“This has never been a safe space for us,” said Junot Díaz, referring to the social climate on college campuses across the nation and in society at large. “White supremacy has guaranteed us zero safety.”
Díaz, currently a professor at Massachusetts Institute of Technology, won a Pulitzer Prize for his novel “The Brief Wondrous Life of Oscar Wao” in 2008 and a MacArthur Fellowship in 2012. The distinguished writer spoke about the use of academia to achieve social justice and the relationship between scholarship and social activism to a crowded audience comprising Brown and Providence community members in Salomon 101 Saturday evening.
The lecture was coordinated and presented by the Heritage Series at the Brown Center for Students of Color and co-sponsored by several of the University’s academic departments, programs, centers and institutes, as well as the Offices of Institutional Diversity and the President.
Both the opening address from Latino Heritage Series Coordinators Lehidy Frias ’17 and Kiki Tapiero ’17 and Díaz’s introduction by Monica Martinez, assistant professor of American studies, highlighted the significance of Díaz’s lecture in the context of recent events involving student activism at Brown and other college campuses throughout the country. The lecture also served as the keynote address of the 10th annual Latinx Ivy League Conference held at Brown this weekend.
“His visit could not have come at a better time,” Martinez said.
While Díaz’s lecture was perceived to be particularly pertinent at this time, the author admitted that a visit to the University had been proposed some time ago. Frias “stayed on my ass for years,” Díaz said of her efforts to get him to speak at Brown, praising her for her persistence.
Though the event was intended to be a lecture followed by a brief question-and-answer session, Díaz chose to forego the lectern and insist that students drive the discussion because of a “resurgence of student activism” on college campuses over the past few weeks.
While students seemed hesitant to speak at first, eventually several audience members posed questions related to the experiences of people of color as students and activists on college campuses, allowing for the event to become exclusively a question-and-answer session.
The first question of the evening asked how to start dialogue between students who are not involved in or do not care about the issues that student activists seek to remedy.
Díaz acknowledged that there are many different tactics that are not wrong but not “perfectly right” when starting dialogue. He emphasized the importance of always having compassion when holding these conversations.
“I was trained to be an entrenched supporter of white supremacy,” Díaz said. “There are very few people who are not brought up that way. But having been in that position when I was younger, my approach to these kinds of conversations always begins with a baseline of compassion.”

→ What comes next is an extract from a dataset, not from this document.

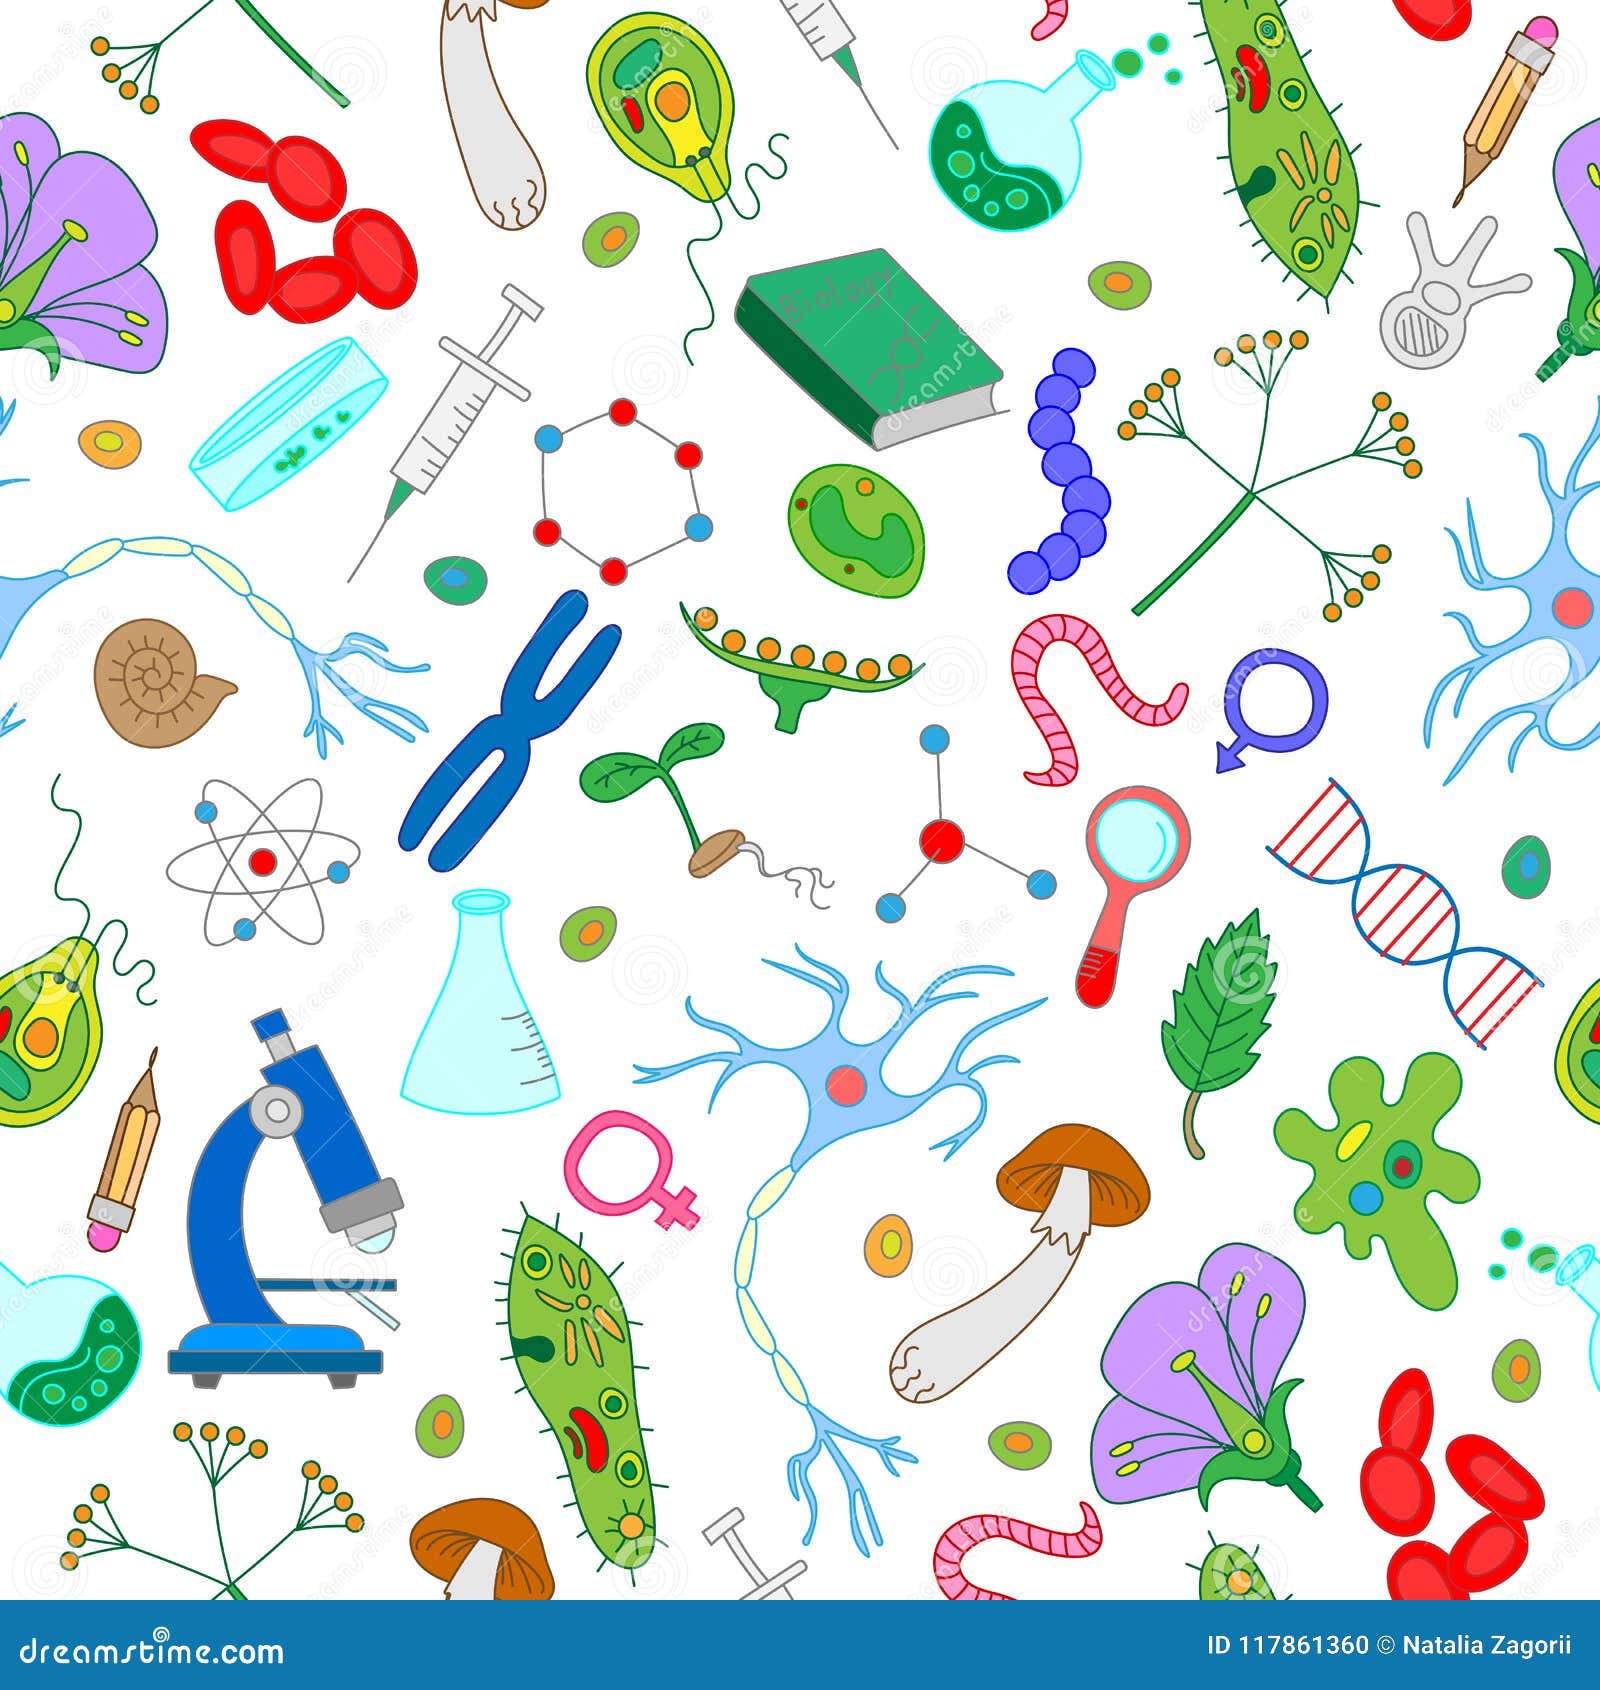 Compartir más de 108 imagenes de fondo biologia mejor .vn

Activists must remember that at some point in their lives, they may have held beliefs that they would now find repugnant, Díaz said. This personal evolution can serve as a reminder of the possibility for change, he said.
“As an activist, I’ve always kept that self of mine who was super messed up, because it reminds me of what is possible,” Díaz said.

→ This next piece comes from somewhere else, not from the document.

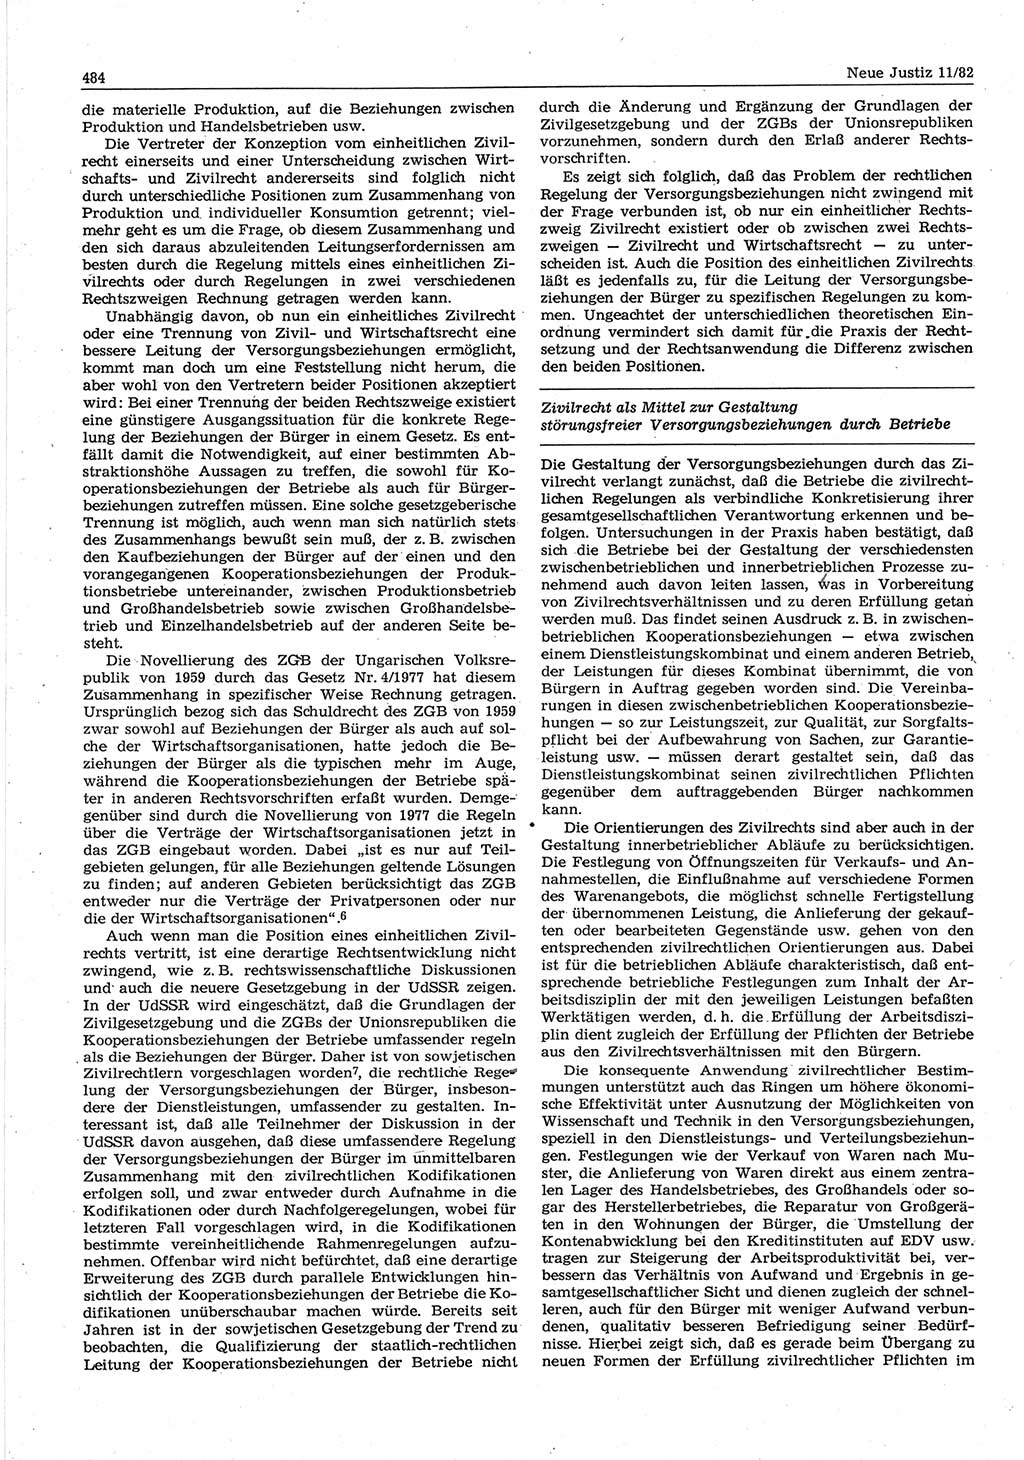 Neue Justiz (NJ), Zeitschrift für sozialistisches Recht und Gesetzlichkeit [Deutsche Demokratische Republik (DDR)], 36. Jahrgang 1982, Seite 484 (NJ DDR 1982, S. 484)

The majority of the questions that followed during the hour-long event were related to racism in academia.
One student asked Díaz the best way to balance activism and academics when enrolled in a class taught by a professor who perpetuates racism, since professors have power in assigning grades and forming curriculums. Another student asked how to reassert black women as thinkers in the world of academia.
To answer these questions, Díaz urged students, particularly the students of color in the audience, to do their work in order to both educate themselves about liberation and to graduate. Díaz expressed that his “main goal” is to graduate students of color.
“You must recognize that we are in an educational system of deep scarcity,” Díaz said. “You survived growing up black, brown, yellow and indigenous. No one is more prepared.”
Díaz also encouraged students to be honest about their privilege as students in elite institutions while simultaneously taking into consideration the ways in which they are oppressed.
Díaz drew on his own experience as an activist, especially during his time at Cornell. In 1993, Díaz was instrumental in a four-day student protest aimed at remedying the underrepresentation and underserving of Latinos on campus known as the Day Hall takeover. Díaz said students should formulate a list of specific demands to guarantee institutional change that will outlast the four-year turnover of student activists.
Multiple students also asked how to bring ideas learned through social activism to their communities back home. Díaz implored students to engage in “hand to hand” work with people at home.
“If you’re not practicing altruism now, you won’t be practicing it in the future,” Díaz said.
“You don’t have to be a 24-hour activist,” Díaz added. “Even if you volunteer somewhere one hour a week, you will keep that flame alive.”
As the designated time for the lecture concluded, the crowd rose to give Díaz a standing ovation. A book signing immediately followed the discussion.
“In the end, we’re incredibly proud of you,” Díaz said as a parting thought. “This school was asleep a couple years ago, and you’ve woken it up.”